Боль | страница 26



Стало тихо. Венка сжался в комок. Тут же его стали обстукивать через тулуп то ли сапогом, то ли валенком. В глаза ударил свет. Он поднялся и оказался лицом к лицу с моложавым военным.

— Это что же, Егоров, вшей в казарму принести вздумали, а? — процедил сквозь зубы капитан. — Под трибунал захотели?

— Дальше фронта все одно не пошлют, — отрешенно ответил часовой. — А я уж устал тут… зверем быть.

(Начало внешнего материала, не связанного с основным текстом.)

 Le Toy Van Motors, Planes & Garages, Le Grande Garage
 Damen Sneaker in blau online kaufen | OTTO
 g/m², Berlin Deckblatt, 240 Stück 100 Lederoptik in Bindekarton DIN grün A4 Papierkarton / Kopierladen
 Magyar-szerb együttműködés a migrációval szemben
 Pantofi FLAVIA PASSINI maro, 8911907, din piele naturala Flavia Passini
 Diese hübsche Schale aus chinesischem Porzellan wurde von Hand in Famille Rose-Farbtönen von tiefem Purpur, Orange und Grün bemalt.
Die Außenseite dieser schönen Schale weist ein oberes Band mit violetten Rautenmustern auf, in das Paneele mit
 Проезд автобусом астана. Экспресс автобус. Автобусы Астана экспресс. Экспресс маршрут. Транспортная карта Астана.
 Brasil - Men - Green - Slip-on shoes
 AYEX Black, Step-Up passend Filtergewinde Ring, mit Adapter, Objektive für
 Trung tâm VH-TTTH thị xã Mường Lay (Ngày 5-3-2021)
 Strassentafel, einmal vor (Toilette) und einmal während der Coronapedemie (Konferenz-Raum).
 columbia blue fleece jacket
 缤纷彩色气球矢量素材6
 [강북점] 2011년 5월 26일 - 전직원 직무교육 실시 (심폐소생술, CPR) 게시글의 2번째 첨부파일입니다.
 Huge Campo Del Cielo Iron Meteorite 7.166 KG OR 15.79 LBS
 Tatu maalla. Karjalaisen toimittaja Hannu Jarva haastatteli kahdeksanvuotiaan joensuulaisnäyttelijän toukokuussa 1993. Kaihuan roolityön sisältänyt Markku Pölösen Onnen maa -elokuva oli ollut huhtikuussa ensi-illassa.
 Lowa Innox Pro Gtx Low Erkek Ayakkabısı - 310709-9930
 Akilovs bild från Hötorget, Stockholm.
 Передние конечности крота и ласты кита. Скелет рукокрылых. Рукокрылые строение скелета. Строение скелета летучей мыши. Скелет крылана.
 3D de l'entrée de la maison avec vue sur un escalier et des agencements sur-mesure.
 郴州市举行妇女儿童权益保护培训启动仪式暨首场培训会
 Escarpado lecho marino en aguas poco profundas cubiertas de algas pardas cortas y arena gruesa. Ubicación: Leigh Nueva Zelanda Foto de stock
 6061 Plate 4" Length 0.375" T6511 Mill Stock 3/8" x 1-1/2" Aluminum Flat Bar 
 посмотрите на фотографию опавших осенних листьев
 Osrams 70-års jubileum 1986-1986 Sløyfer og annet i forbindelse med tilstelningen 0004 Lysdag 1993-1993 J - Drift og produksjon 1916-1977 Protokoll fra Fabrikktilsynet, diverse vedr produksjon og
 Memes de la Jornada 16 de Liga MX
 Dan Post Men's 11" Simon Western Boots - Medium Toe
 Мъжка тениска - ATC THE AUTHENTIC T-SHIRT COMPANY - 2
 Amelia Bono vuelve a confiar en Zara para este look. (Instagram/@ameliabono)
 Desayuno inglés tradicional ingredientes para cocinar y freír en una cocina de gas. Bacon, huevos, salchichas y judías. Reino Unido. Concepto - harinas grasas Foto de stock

— Много рассуждаете, Егоров! — грозно осадил часового капитан и также строго спросил у Венки:

— Куда едешь?

— В Навашино…

— Вор?

— Не-е… Учусь… — Сняв варежки, показал пальцы со следами въевшихся в кожу чернил. — К отцу ездили, да не застали…

Комендант смягчился:

— Утром уедешь на местном. А сейчас — в баню! Замерзнешь к чертовой матери! А вы, Егоров, сменитесь — тоже на санобработку. А оттуда — на гауптвахту на пять суток!

…Больно было смотреть на мать, на ее потухшие глаза с налетом инея на ресницах.

— Мамань, советуют в баню… Пойдем, а? Соль в сугроб запрячем… Авось не своруют. А своруют — что ж, проживем! Не впервой.

Венка уж взялся было за мешок, как вдруг из вокзала стали выходить люди, а за дальней стрелкой прорезал темноту луч прожектора.

Но не прибытие поезда остановило их (поезд шел на Москву), а то, что двое военных везли ящики на салазках.

Переглянулись, одновременно подумав о том, что военным такие транспортные средства вовсе ни к чему. Салазки представляли собой обычные рейки, сбитые поперечинами. Вероятно, их и сделали-то на один только раз.

Состав остановился. Военные забросили ящики в тамбур и, даже не взглянув на свое изделие, вошли в вагон.

— Господи! Пресвятая Богородица! Николай-чудотворец, батюшка! — со стоном перекрестилась мать. — Дошла моя молитва…


Баню нашли по высокой трубе, из которой валил: дым. Через дорогу стояли машины, накрытые брезентом. Вдоль машин, похлопывая себя по бокам, двигался часовой.

Венка открыл перекошенную дверь. Из крохотного коридора вела на второй этаж крутая лестница.

— Одним не осилить, мамань, — сказал он, вернувшись.

— Потерпи маленько, — попросила Соня. — Сама схожу, узнаю, что там. Да хоть капельку тепленьким подышу.

Оставшись один, Венка прислушался к ногам. Подмоченные портянки жгли холодом. Ступнями он еще чувствовал этот холод, а вот пальцами — пальцы были чужие.

Вернулась Соня.

— Посулила кассирше тридцатку: дай, мол, справку — не взяла. — Соня вздохнула, поправила Венке шарфик. — Иди, сынок. Сейчас как раз мужиков запутают. Погреешься… Там быстро. Потом я.